▶ **Input**:

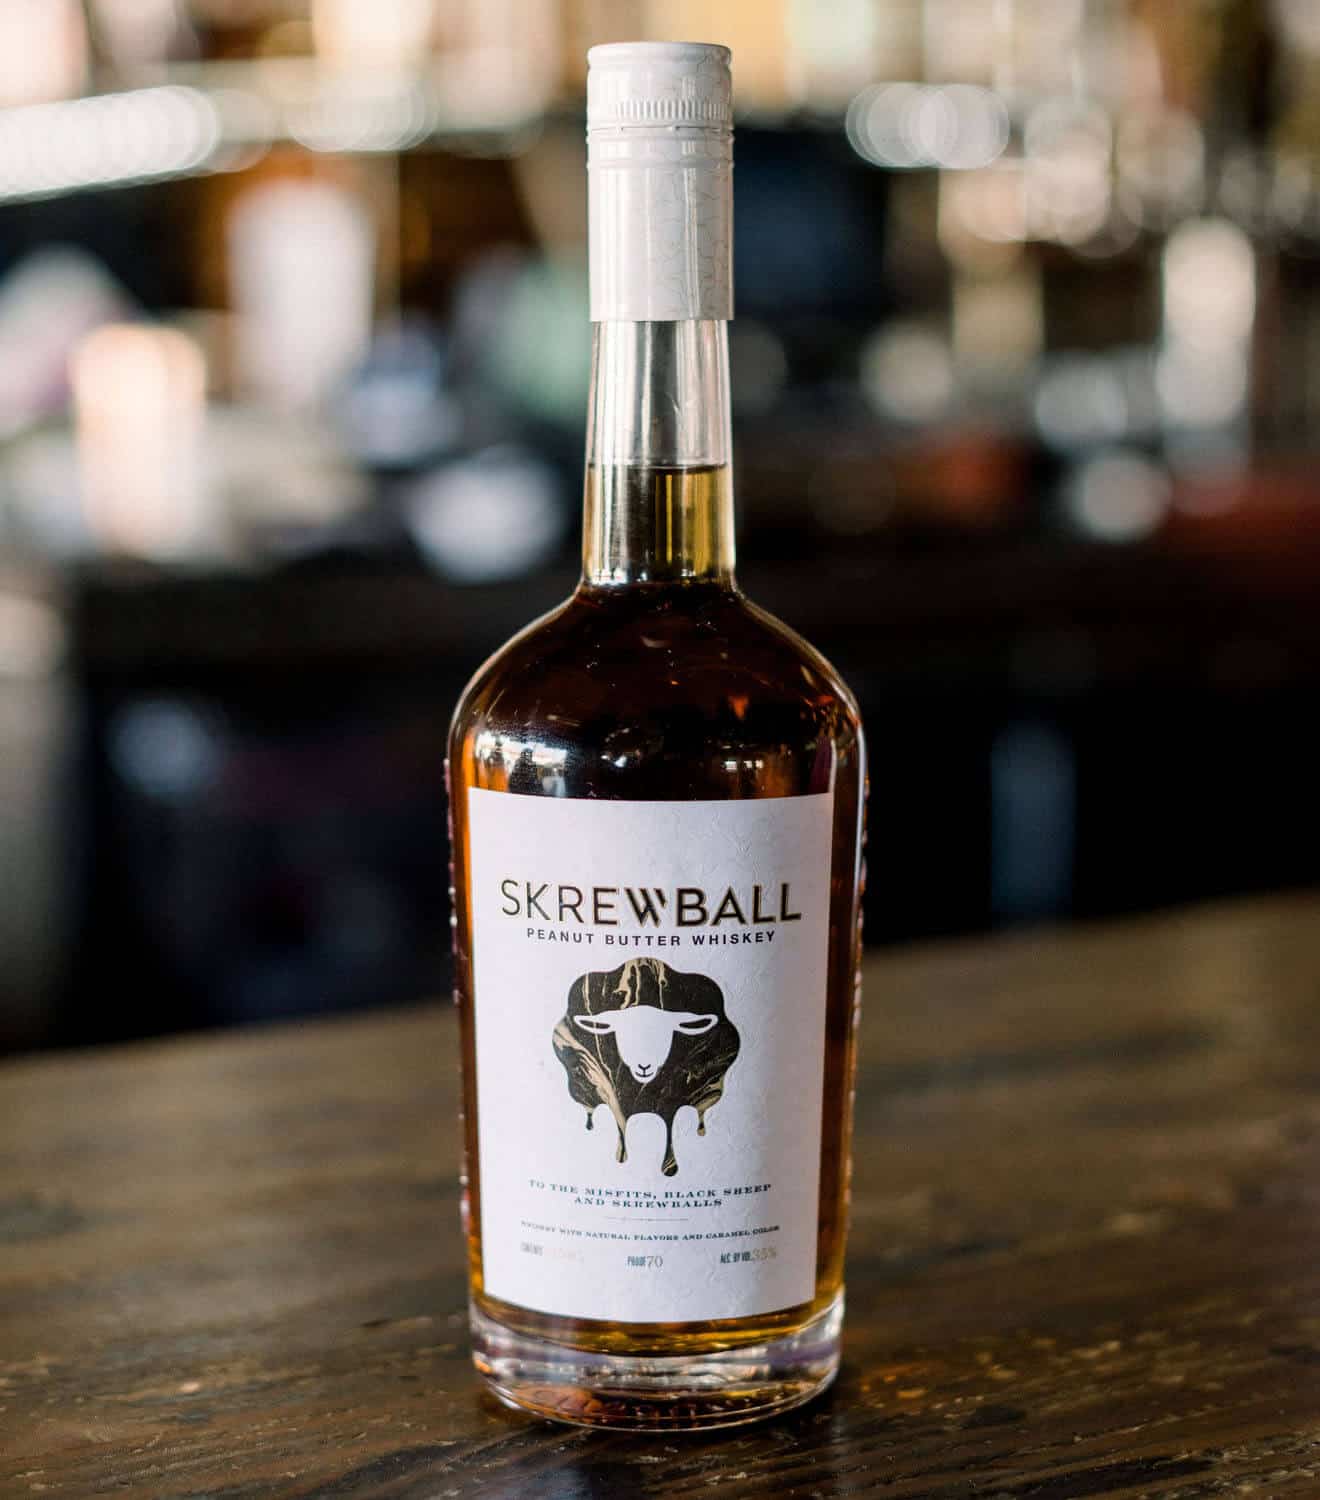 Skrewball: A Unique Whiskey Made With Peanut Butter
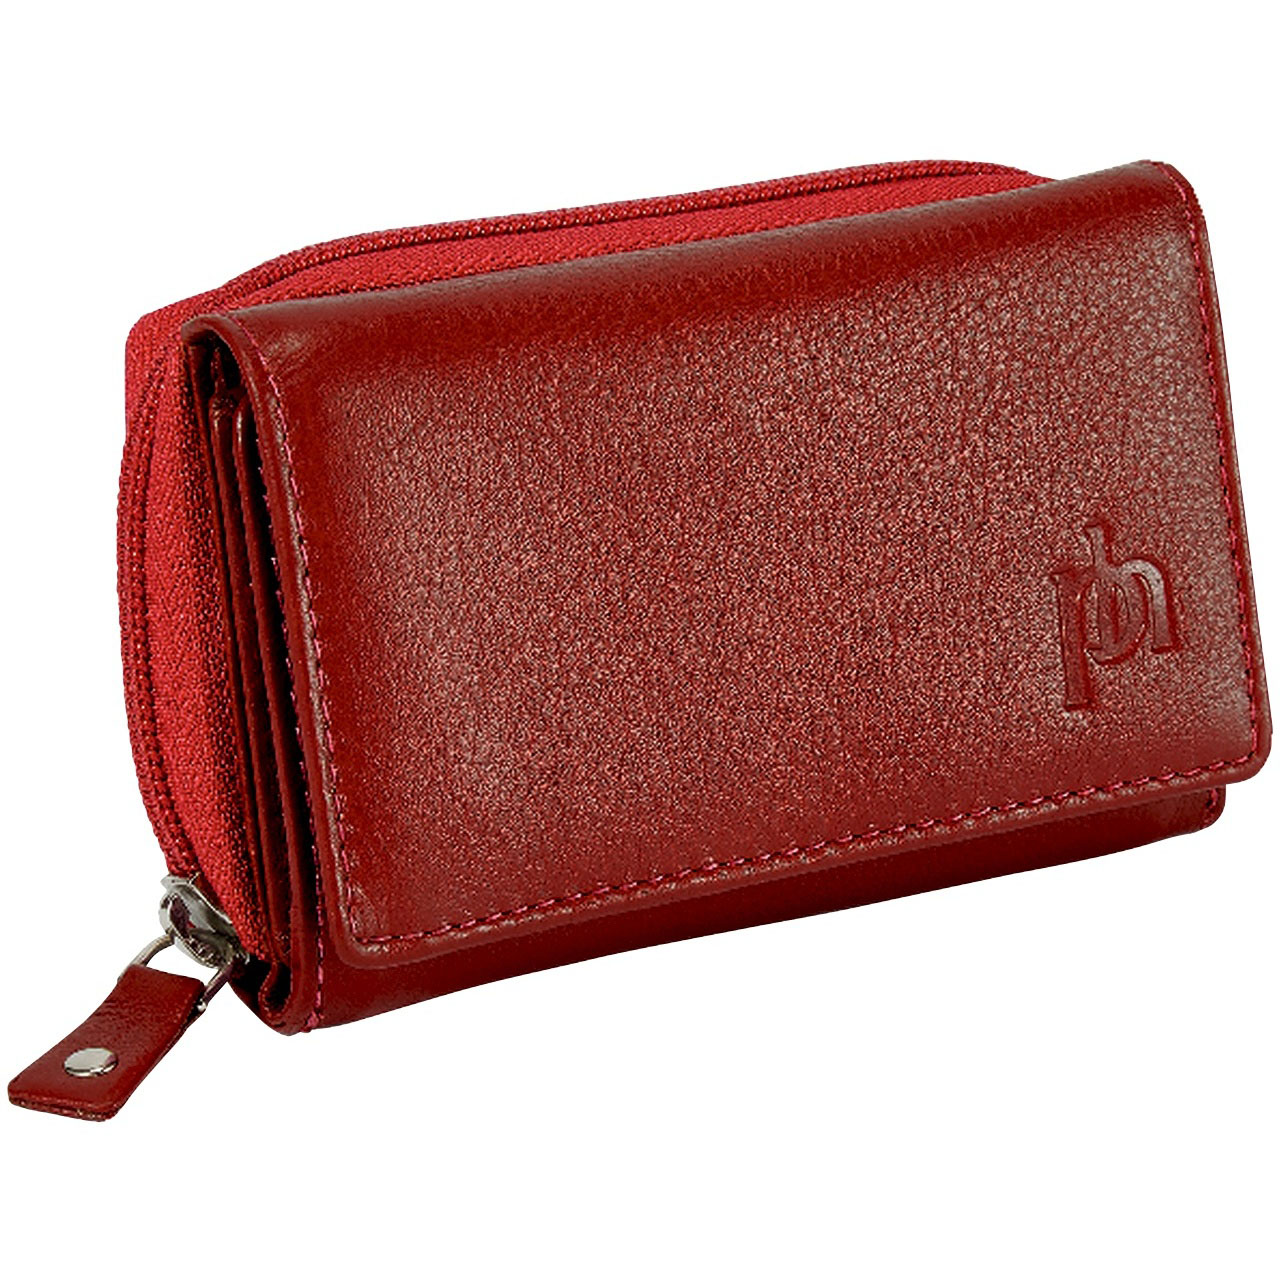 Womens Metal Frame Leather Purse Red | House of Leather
==
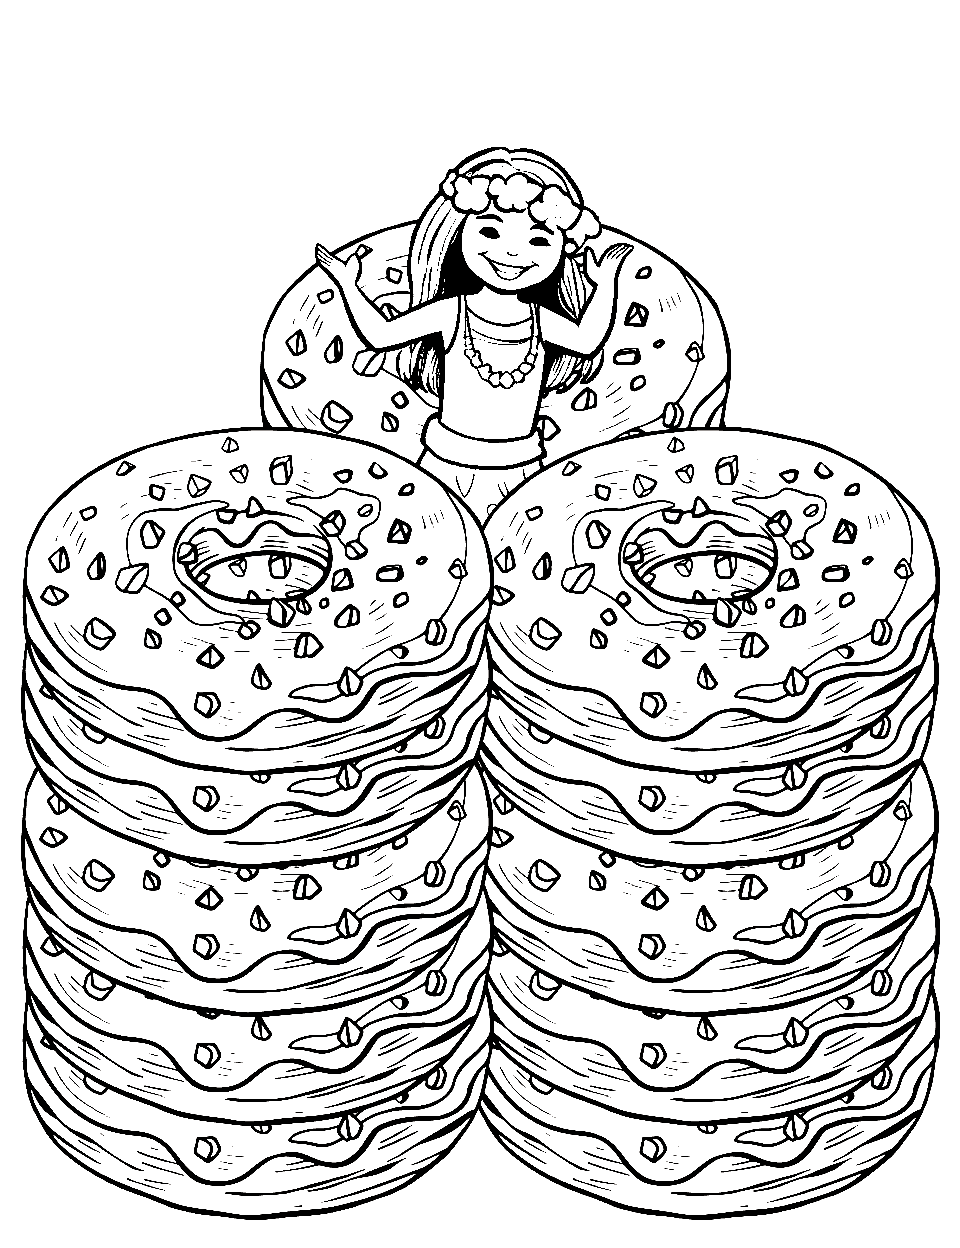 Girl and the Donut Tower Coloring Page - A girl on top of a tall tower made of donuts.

▶ **What to do**: What is needed is an exact copy of only the lines above from the one with "Skrewball: A Unique" to the one with "Womens Metal Frame", both kept, with every picture left out.

▶ **Written reply**:
 Skrewball: A Unique Whiskey Made With Peanut Butter
 Womens Metal Frame Leather Purse Red | House of Leather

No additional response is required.